Le Bourru bienfaisant fu stampato la prima volta nel 1771 "à Paris, chez la Veuve Duchesne, Libraire, me Saint- Jacques, au Tempie du Goût", in 8°, pp. VI- 106; e ristampato ivi più volte dallo stesso libraio-editore. Nel 1772 si ricorda una ristampa a Vienna (Ghelen) e un’altra a Bruxelles (Berghen); nel 1773 le Bourru uscì a Napoli e di nuovo a Parigi ("chez Durand Imprimeur, Libraire, Rue Saint-Jacques"), nel 1774 a Livorno (nel t. VII della Collection de Tragédies, Comédies et Drames choisis etc. "chez Thomas Masi et C.ie").
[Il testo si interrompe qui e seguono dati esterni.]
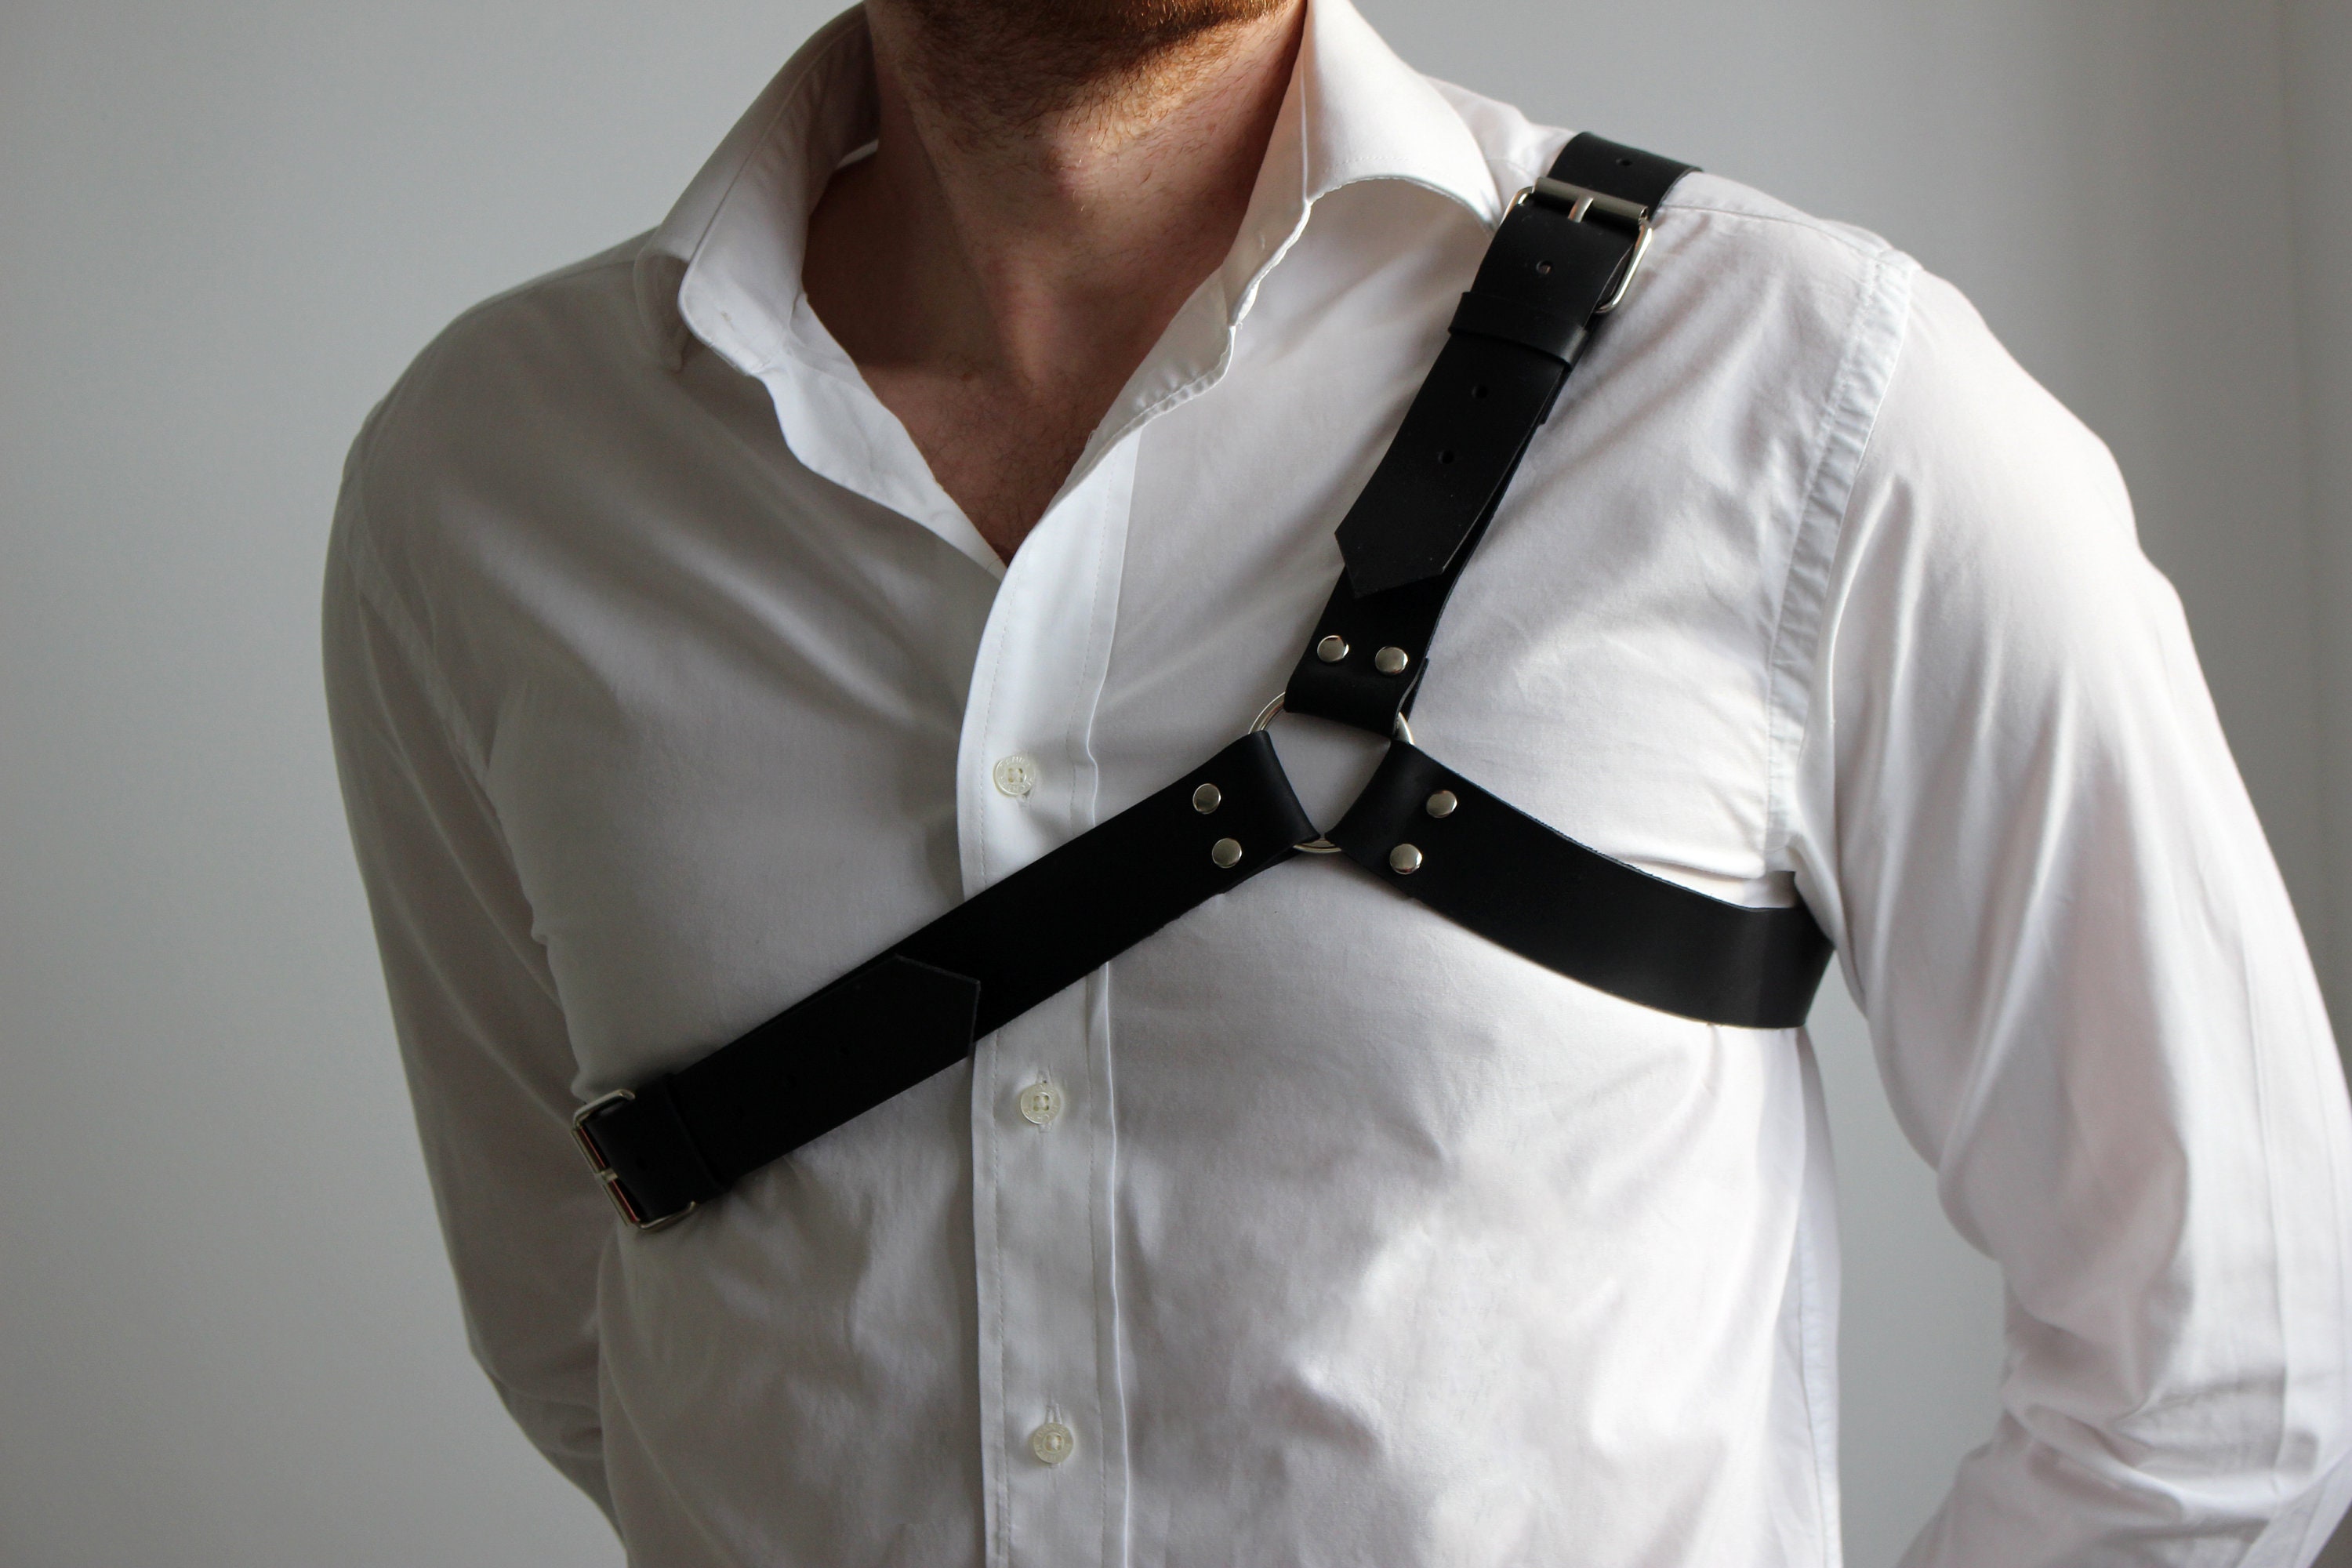 110 Men Harness ideas  leather harness, harness fashion, mens fashion

Altre ristampe, tutte più o meno scorrette, si ricordano a Londra, nel 1779 e nel 1797 (per cura di G. Polidori), e altra nel 1785 (T. Hookam. in 8°, pp. 97). Ma una bibliografìa diligente e completa manca finora. Noi abbiamo seguito fedelmente la prima edizione del 1771, corretta dall’autore, non senza tenere sott’occhio le recenti ristampe di Ernesto Masi (Scelta di Commedie di C. G, Firenze, Le Monnier, 1897, t. II) e di Gius. Lesca (Firenze, Sansoni, 1901): solo abbiamo corretto la grafia di qualche parola, avvertendo in nota a piè di pagina: e abbiamo aggiunto, per facilità di lettura, molti accenti, poiché nel testo originale si trova stampato Valere, premiere, niece, grace ecc. — Per la traduzione del Goldoni stesso, che abbiamo stampato in Appendice, abbiamo pure seguito il testo originale del 1789 (a Parigi, presso la Vedova Duchesne), riprodotto pure nel t. XXIV del Teatro Moderno Applaudito (Venezia, 1798); mentre nelle principali raccolte delle commedie goldoniane, compresa l’ed. Zatta, si ristampò quasi sempre la versione di Pietro Candoni, edita per la prima volta nel 1772 a Venezia dal Savioli, la quale riapparve anche di recente, nel 1908, nell’Antologia goldoniana per cura di Rosolino Guastalla (Livorno, ed. R. Giusti).